Terror and religion
Re "America's loyalty dance," Opinion, March 7
When I teach the very controversial subject matter of religion and violence to my UCLA students, I urge them to "analyze, not moralize." How I wish Rep. Peter King (R-N.Y.) had enrolled in my course.
He would learn that perceived persecution increases any group's extremism, as it did with 19th century Mormons. He would also learn that the first and most frequent victims of religious extremists are their fellow believers.
Finally, he would learn that singling out one religious minority risks stigmatizing the entire group and producing a backlash of young members who seek to "save" their people by becoming misguided "heroes." Such behavior is documented among any religious minority.
If we really want to reduce incidents of holy terror, we might begin by studying previous cases that have occurred in Christianity, Judaism and Hinduism, and noting what all terrorist movements have in common.
Jean E. Rosenfeld
King says that his hearings interrogating American Muslims will be honest and fair. That might be difficult since the hearings themselves are dishonest and unfair.
Ralph S. Brax
Careful on a no-fly zone
Re "U.S. walks thin line on Libya," March 9
A no-fly zone sounds like a peaceful, police-type action, but it is really military intervention.
We would have to put our fighter planes in the air over Libya and start shooting down enemy planes. We would effectively commit ourselves to helping establish a replacement government.
That would be complicated and very expensive, if Iraq is any guide. Right now, the Libyan rebels are a loosely knit bunch with no single leader. After setting them free, we would likely find conflicting factions, and it would be our job to get them to work together.
We should be a friendly bystander, ready to help with food, medical supplies and guidance, but not with jets or other shows of force.
What is it with Republicans like Sen. John McCain who say we are so broke that we need to cut spending on domestic services that actually help American taxpayers, but always find the money for military interventions that help other countries?
Ashcroft's legal liabilities
Re "Don't shield Ashcroft," Editorial, March 5
The mantra from Justice Department lawyers and pro-government judges, who "worry" that allowing former Atty. Gen.
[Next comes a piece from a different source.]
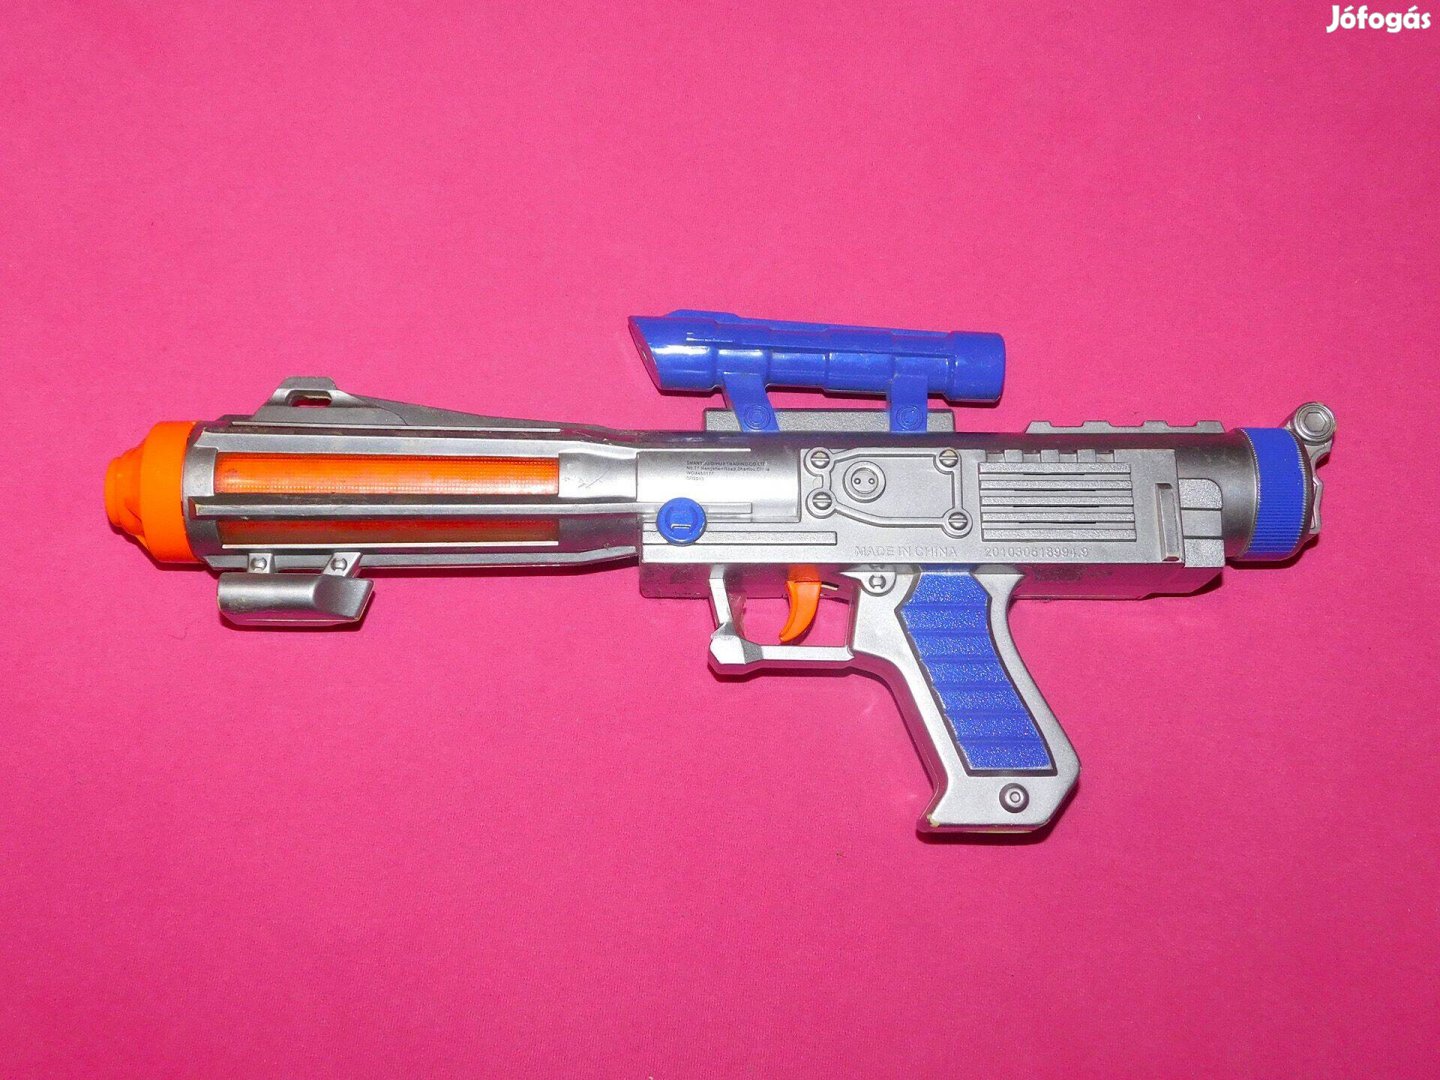 Játék fegyver, puska, pisztoly, hangot is ad, 40 cm
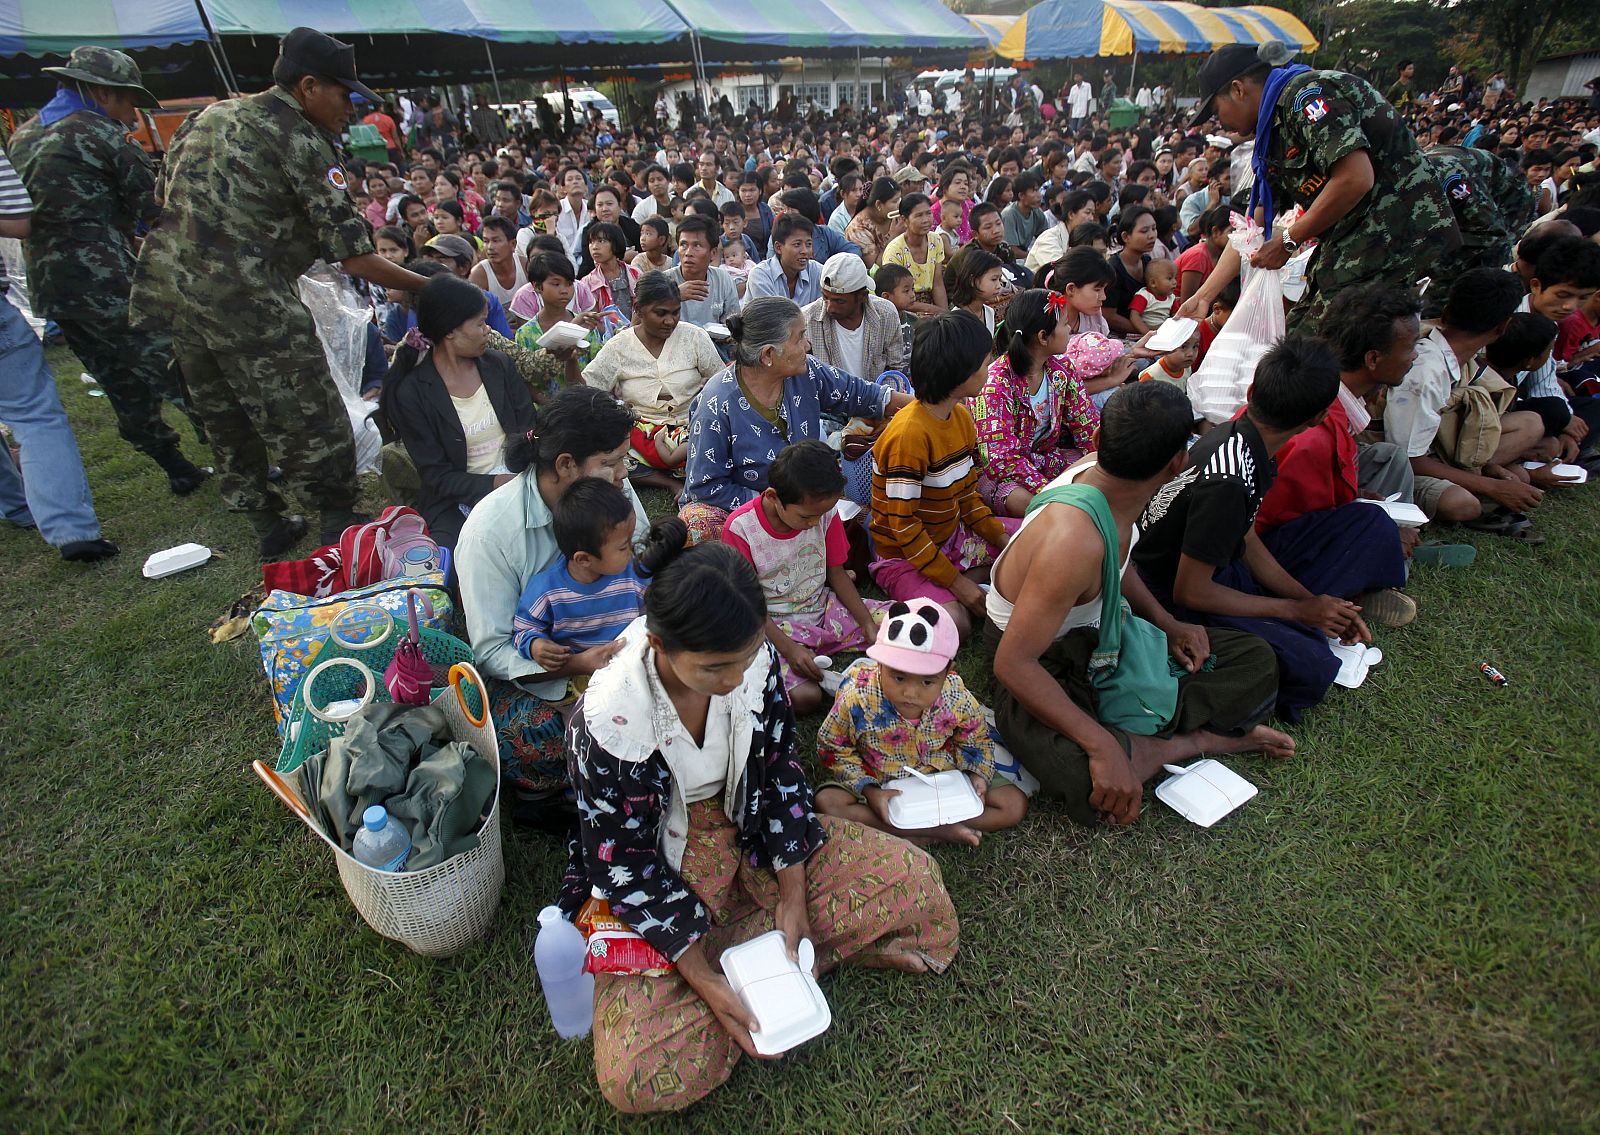 Los refugiados esperan a que los soldados les devuelvan a Birmania (Myanmar)

John Ashcroft and other Bush administration officials to be sued would "discourage other officials from remaining in public service because of the risk of damage awards," is appalling in a country that claims to stand for the rule of law.
No official, past, present or future, need fear public service because of the risk of getting sued, so long as they don't break the law and violate their public trust. But if they do, the American people have every right to expect that the full force of civil and criminal law will be used to hold them accountable.
I believe that Ashcroft should not be held accountable for the mistreatment of Abdullah Kidd.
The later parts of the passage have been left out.